Martin Kuz: That’s right, Sam. My father was born in Ukraine in 1923. Technically, his hometown of Lviv was part of Poland at the time of his birth. He grew up in a time of extreme hardship, famine and an oppression of Ukrainian independence. When World War Two broke out, he ultimately took up arms on behalf of Ukraine, fighting against the Soviet Union and its Red Army. At the conclusion of the war, my father was in a prisoner of war camp and the British allowed those prisoners to go to England because they understood that if Ukrainians were sent back to their homeland, they likely faced exile, execution. And so for my father, he last set foot in his homeland in 1943. Ultimately he came to the United States. He had a family, three children. But he was never able to go back home and never saw his parents again, never saw his brothers again. There was, I think, this profound void within him because he could never set foot in Ukraine again, because of the Soviet Union’s harsh stance toward Ukrainians who had fought against the Kremlin. So because of the family connection, what is happening in Ukraine right now has had a deeply personal dimension for me.
Laine Perfas: You’ve been in Ukraine, reporting on the ground. In what ways has your experience been similar or different to reporting in other conflict zones?
Kuz: The similarities are numerous, and that includes the loss and the suffering of the Afghan people and the Ukrainian people. The dislocation from home. And the profound examples of resilience that you see in both countries. I think the West has been sort of amazed at the solidarity of Ukrainians. In the great fear that people experience, they haven’t lost their essential humanity. They have turned toward each other to try to help. And I know that was really explicit in the earliest days of the invasion. I went to the train station in Kyiv, for instance. The capital city was emptying out as the war began. And instead of people pushing each other down on the train platforms and attempting to get on before anyone else, people were deferring to the elderly, to women with children. They were helping them, carrying them up and down the stairs to get to the platforms. That is something, I think, that you see from conflict zone to conflict zone. These people are overwhelmed by their circumstance, and yet they somehow find the ability to show compassion to people they’ve never even met before.

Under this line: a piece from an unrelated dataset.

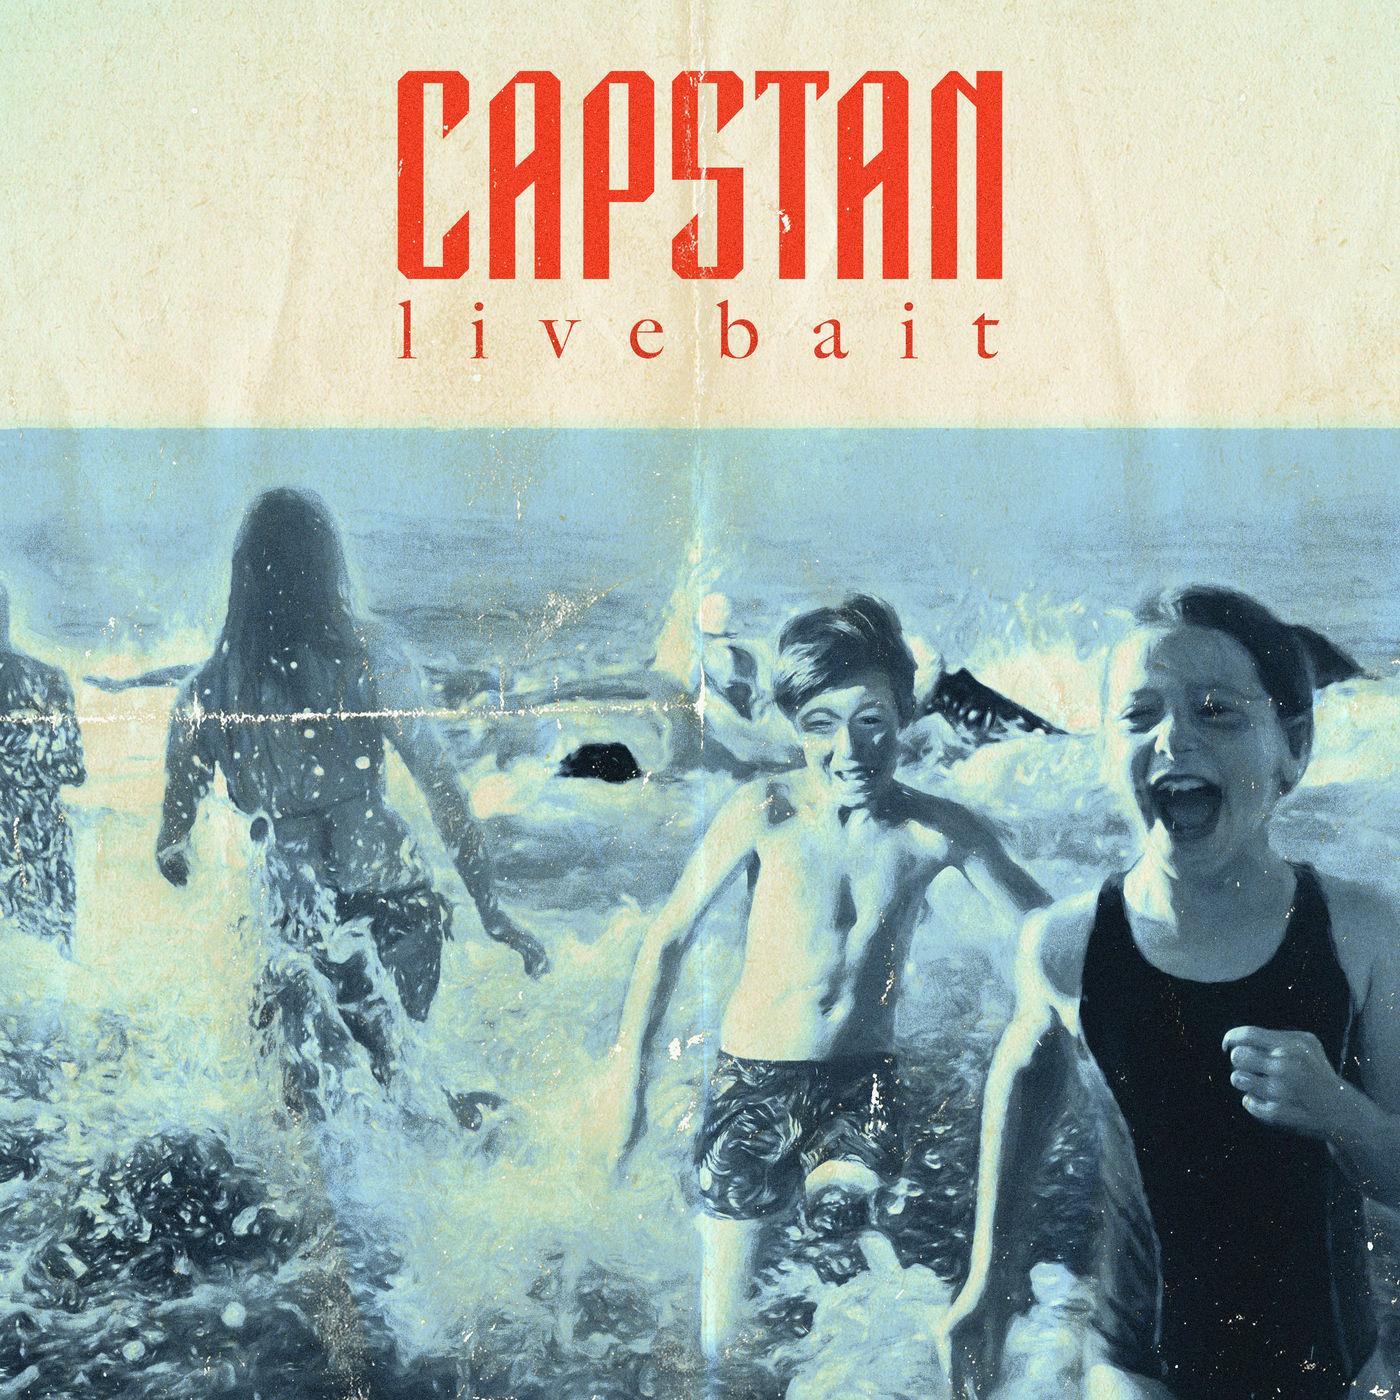 Capstan - livebait [single] (2020)

Laine Perfas: I think it goes without saying that war is horrible and traumatic. But often in your reporting, you choose to focus more on values like hope. Why is that?
Kuz: My experience in war zones has taught me how strong and vibrant the human spirit really is. In the case of the Russian invasion of Ukraine, the war is utterly senseless. I thought: How do you try to make sense of the senseless? How do you reconcile the loss of your loved one with your own passion for Ukrainian identity and Ukrainian independence? And I think within that are these themes of hope and dignity. I’ll give one example. I met a woman named Nataliya Lipska in Lviv, in western Ukraine, my father’s hometown. And she had recently lost her brother, Olexsiy, who had joined the Volunteer Territorial Defense Force and had been killed in a Russian artillery strike. She could really not talk for more than a couple sentences at a time without breaking down. But she very much wanted to talk. She told me that: “He gave his life to his country. So I am devoting mine.” And she now is helping a local organization that gathers medical supplies and first aid kits for frontline troops in Ukraine. And again and again, I met Ukrainians who in ways small and large, were attempting to honor the memories of those killed, and to remind people that each person is more than his or her death.

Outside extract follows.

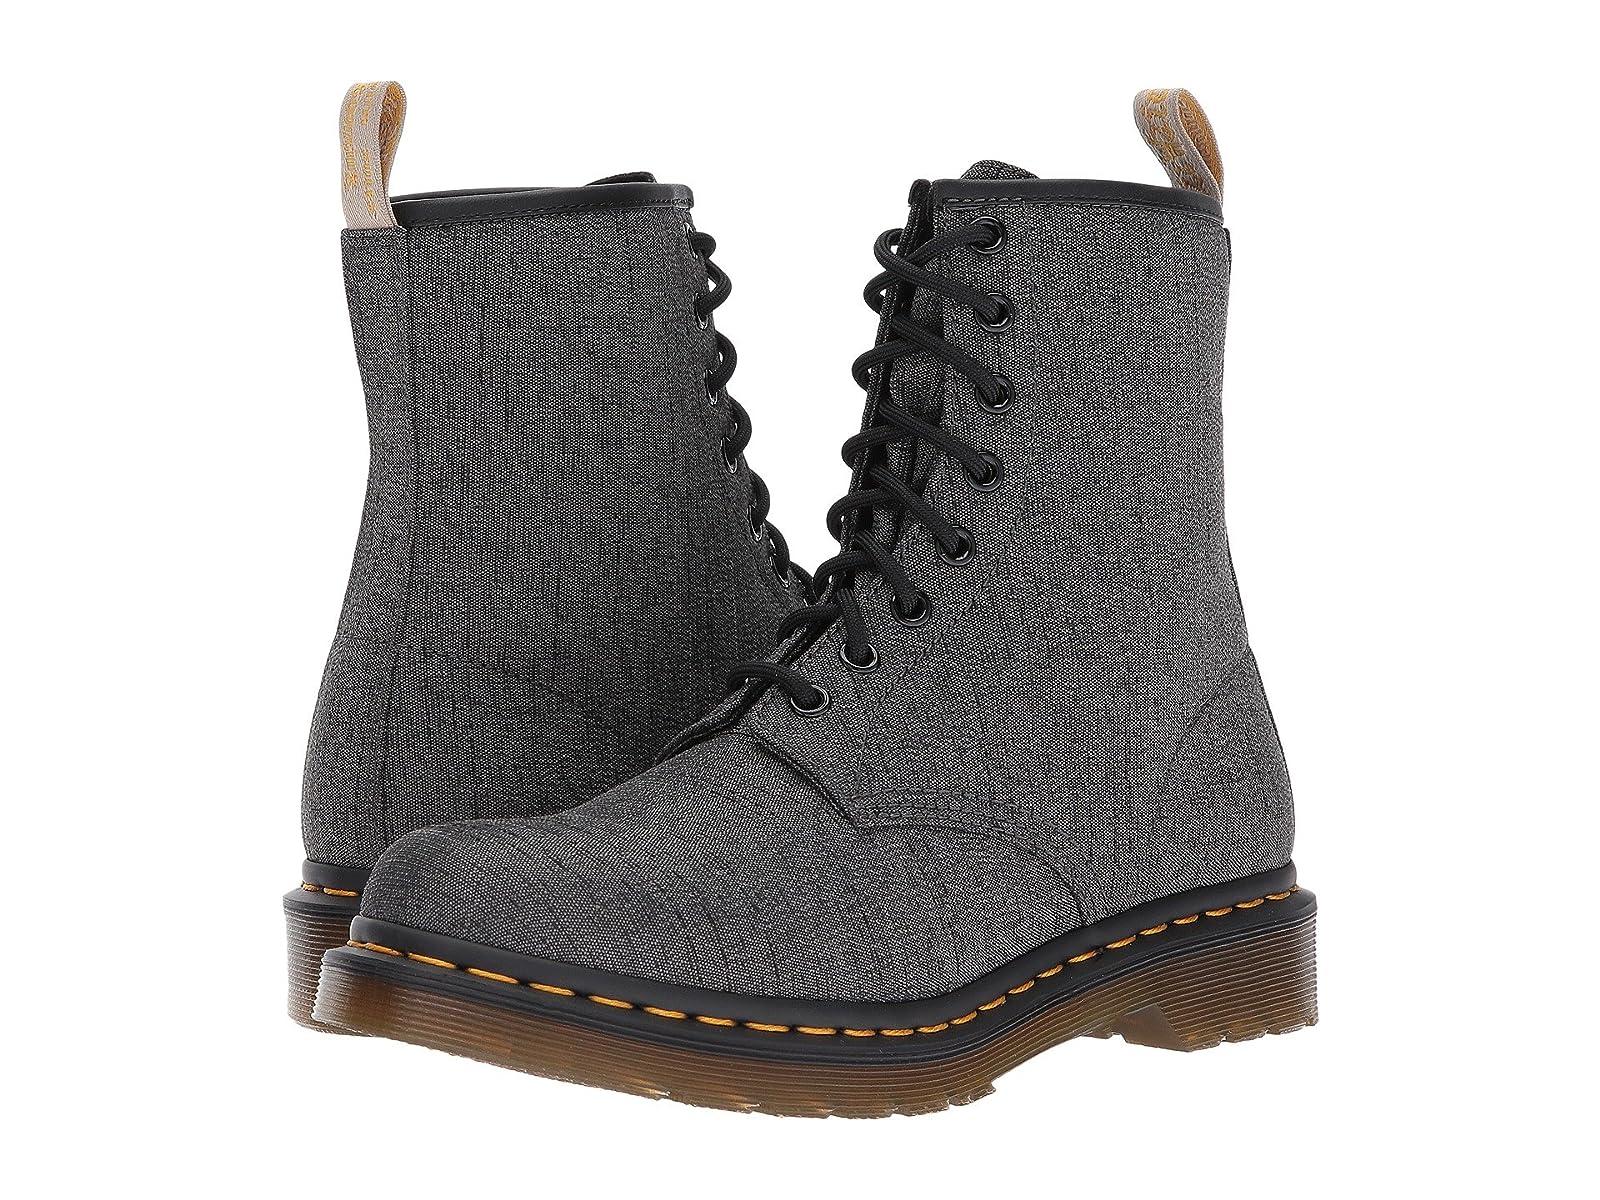 Dr. Martens Vegan Castel 8-Eye BootCheap and distinctive eye-catching shoes

Laine Perfas: How do you go about talking to your sources about things like hope without feeling like you’re forcing it somehow or minimizing the tragic aspects of their experiences?
Kuz: My experience has been that the theme often bubbles to the surface on its own. I’ll give another example of a woman I met named Ivanka Dymyd. And Ivanka lost her son Artem in fighting in the southern city of Kherson. Artem’s 27 years old. And he was fiercely patriotic. He had protested on the Maidan going back to late 2013, when Russian interference started to increase in Ukraine. And when Russian backed separatists attempted to annex portions of eastern Ukraine in 2014, he went straight to the front lines. He signed up to fight on behalf of Ukraine. He was in the United States when the invasion this February occurred, he rushed back so that he could again take up arms on behalf of his country. I sat in Ivanka’s home. And when I walked in, she had music on her computer from a composer named Hans Zimmer. She told me that it was Artem’s favorite music. It’s kind of haunting and dark, but in a beautiful way. And she told me about how the family is making every effort to retain the joy that Artem brought to their lives. The family is establishing a scholarship in Artem’s name at the university in Lviv that he attended. That I think is an act of hope. If you don’t believe that the country has a brighter future, you don’t make the effort to create a scholarship in the name of your son. And she was adamant in saying that we want him to be remembered for what he gave us, not simply what we have lost. That just sort of occurred in the course of my conversation with them, and I didn’t have to ask any questions that were sort of on the nose about hope.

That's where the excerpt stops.